Input Sample Generation
Introduction
Why Use Sampled Monte Carlo Input?
Monte Carlo simulations are valuable when model inputs are uncertain, random, or future developments are unknown.
The core idea: run the model many times (called realizations), each with different input values, and analyze the outputs statistically.
This approach allows estimation of metrics such as:
- Mean
- Standard deviation
- Confidence intervals
However, when input variables are continuous, it becomes impossible to test every combination.
Even a discrete mesh grid quickly becomes infeasible — a challenge known as the curse of dimensionality.
Suppose the model has five input parameters (dimensions):
| Levels per Parameter | Total Simulations Required |
|---|---|
| 2 | 32 |
| 3 | 243 |
| 4 | 1,024 |
| 10 | 100,000 |
Computational cost grows exponentially with the number of parameters and levels.
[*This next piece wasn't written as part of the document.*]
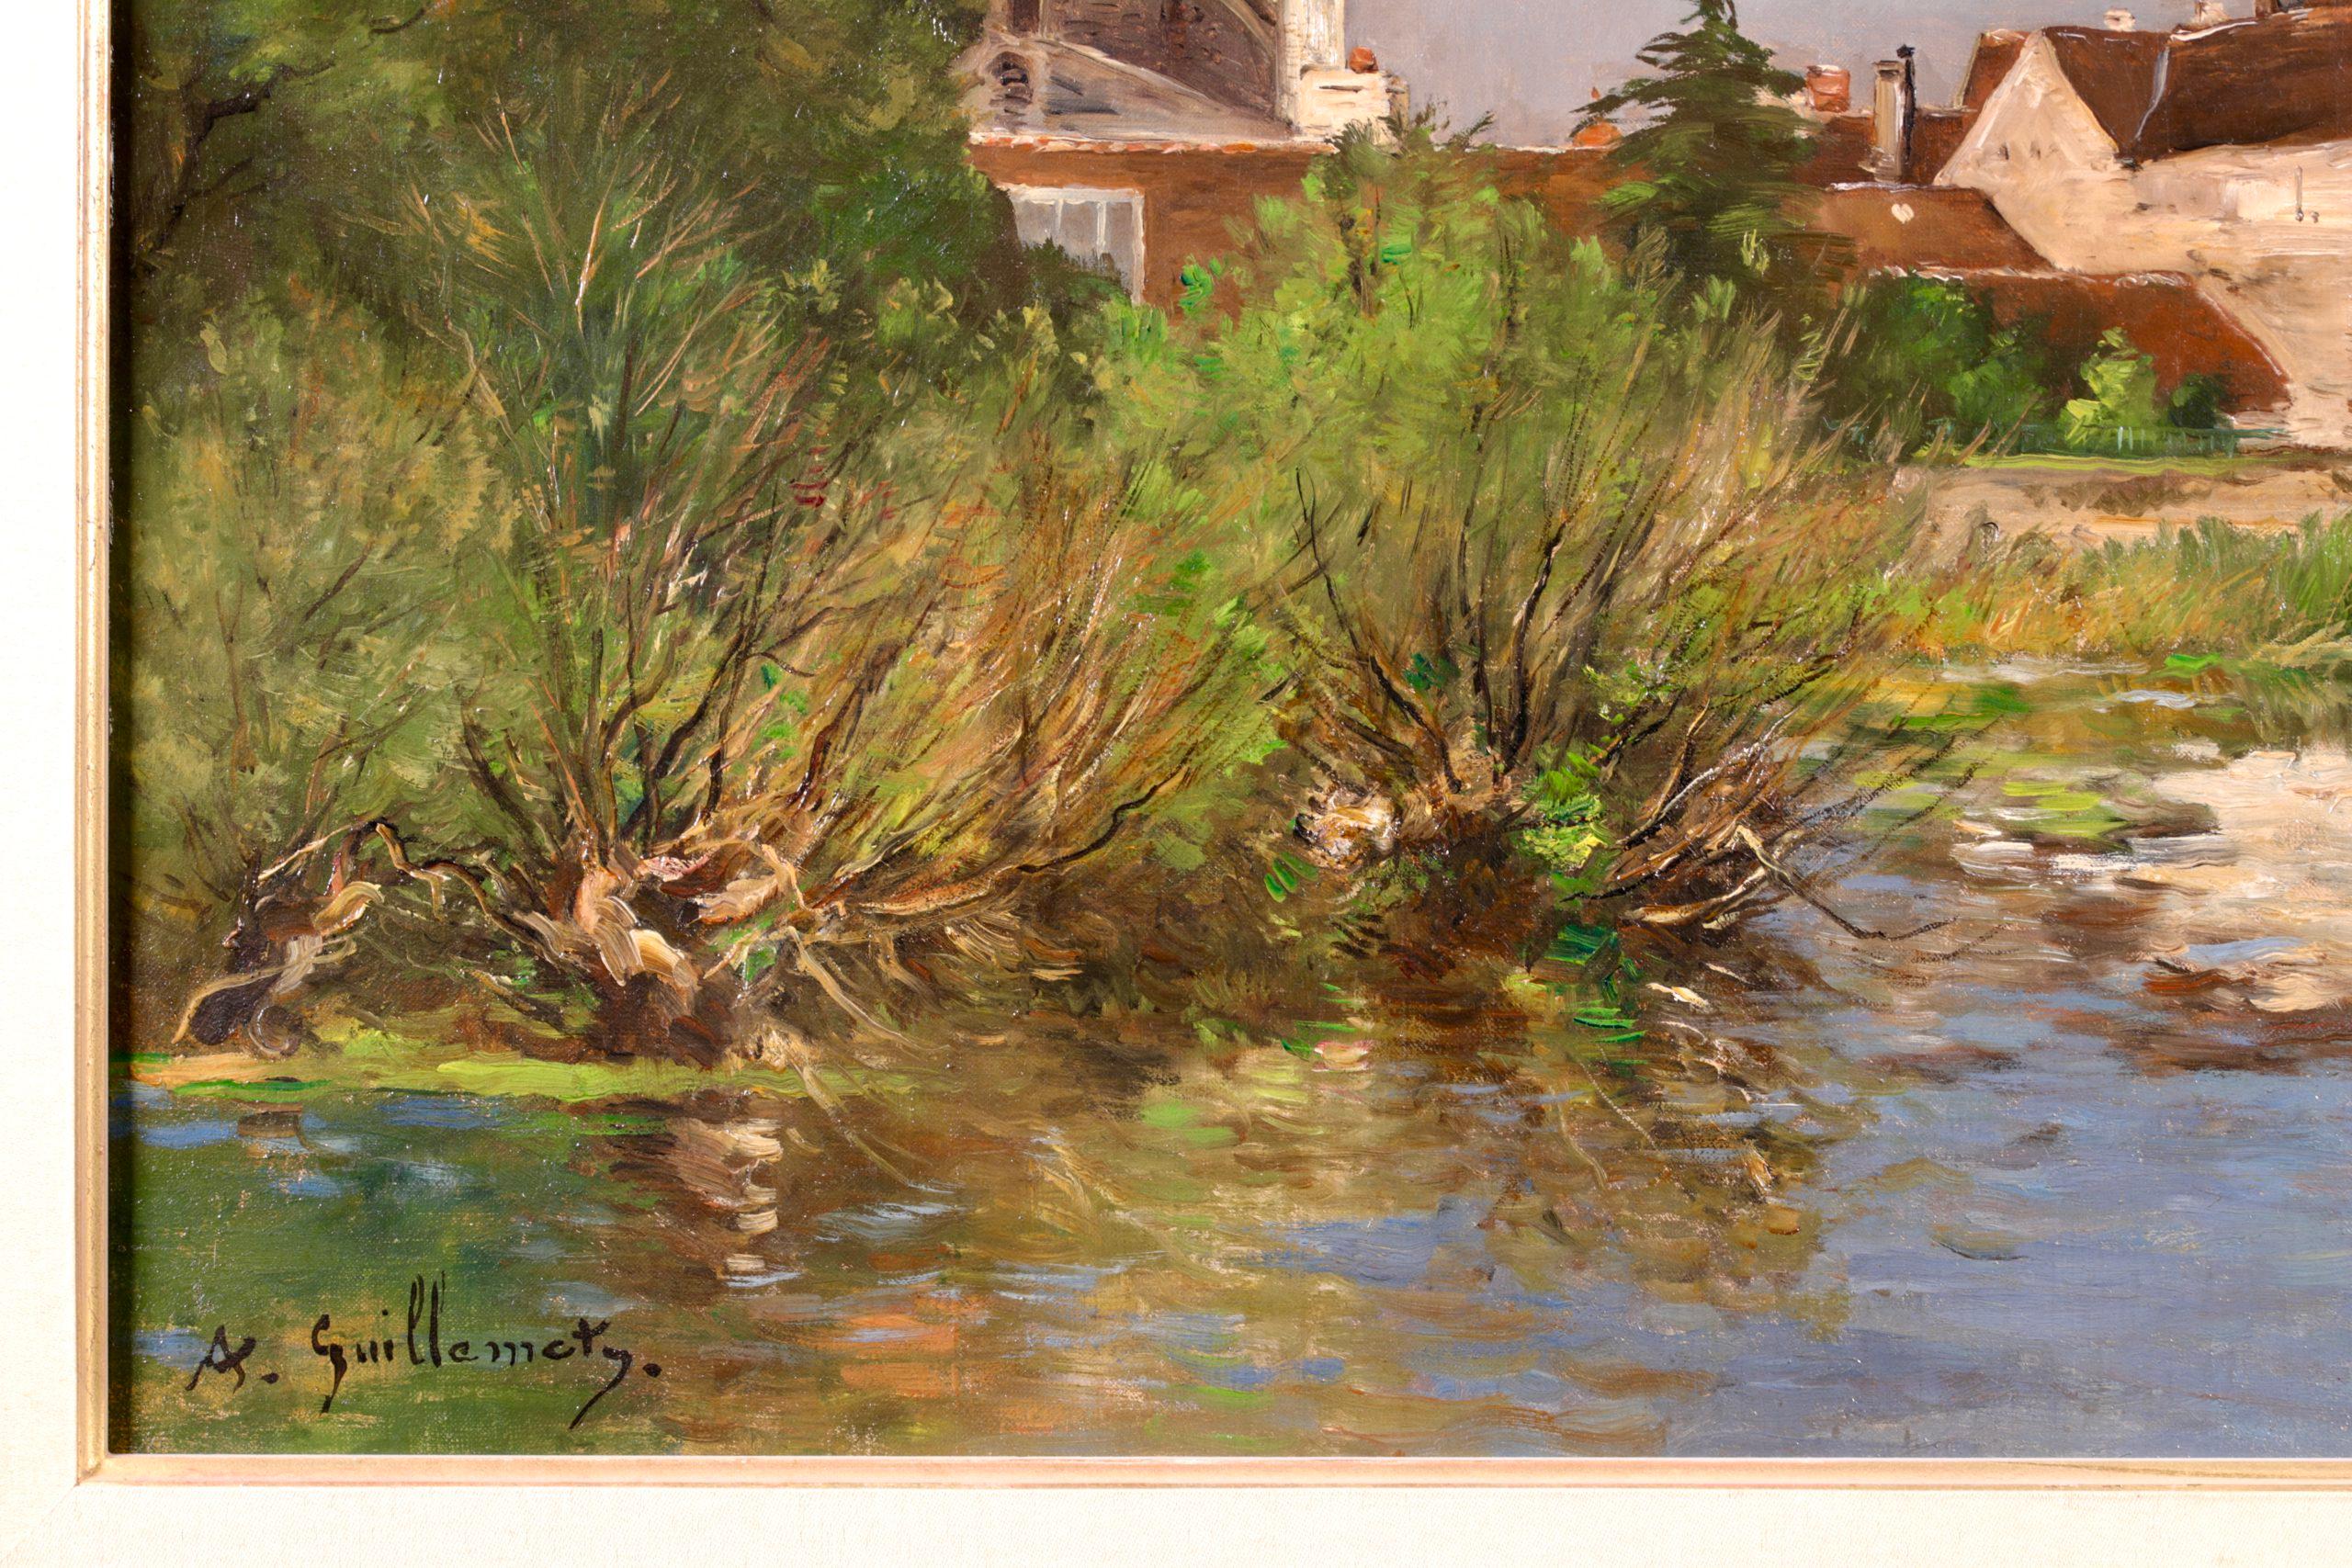 Paysage signé à l'huile sur toile vers 1890 par le peintre impressionniste français Jean Baptiste Antoine Guillemet. L'œuvre représente une vue de Moret-sur-Loing, dans le nord-est de la France, depuis la rive du Loing. Les bâtiments de la Townes se

Goal: select a representative set of input samples that sufficiently explores the parameter space while keeping computation manageable.
How to Sample Monte Carlo Input
Before sampling, each input parameter must be defined, including uncertainty.
Uncertainty is expressed via a distribution function across the parameter range.
If every value is equally likely (or unknown), a uniform distribution is often used.
The SA-Toolbox supports seven distribution types:
The SA-Toolbox also includes seven sampling methods. The choice affects:
- Clustering or gaps in the sample
- Number of samples and computational cost
- Use of probability distributions
- Maximum dimensions supported
- Likelihood of artifacts during dataset resampling
Dataset Resampling
“Dataset resampling” refers to reducing an existing dataset by selecting entries based on their original order (e.g., row number) without considering parameter values.
See Step 4 in “Subset / Filter”.
Sampling Methods Overview
The SA-Toolbox provides several parameter sampling methods, divided into three categories:
- (Pseudo)Random Methods
- Structured Methods
- Quasi-Monte Carlo Methods

Random methods: robust and simple, but may cluster and require many samples.
Structured methods: ensure each interval is sampled at least once, reducing gaps.
Quasi-Monte Carlo (QMC): use low-discrepancy sequences for even distributions, deterministic but efficient.
Simple Random Sampling
Classic Monte Carlo sampling selects values from parameter distributions without structure.

Advantages:
- Simple to understand
- Respects parameter distributions
- Fast sample generation
Disadvantages:
- Slow convergence, requires many samples
- Uneven coverage
- Assumes independent input parameters
References
- Knuth, Donald Ervin (1981): The Art of Computer Programming. Volume 2. Seminumerical algorithms. 2. ed. Reading, Mass.: Addison-Wesley.
Grid Sampling
Divide each parameter range into equal intervals.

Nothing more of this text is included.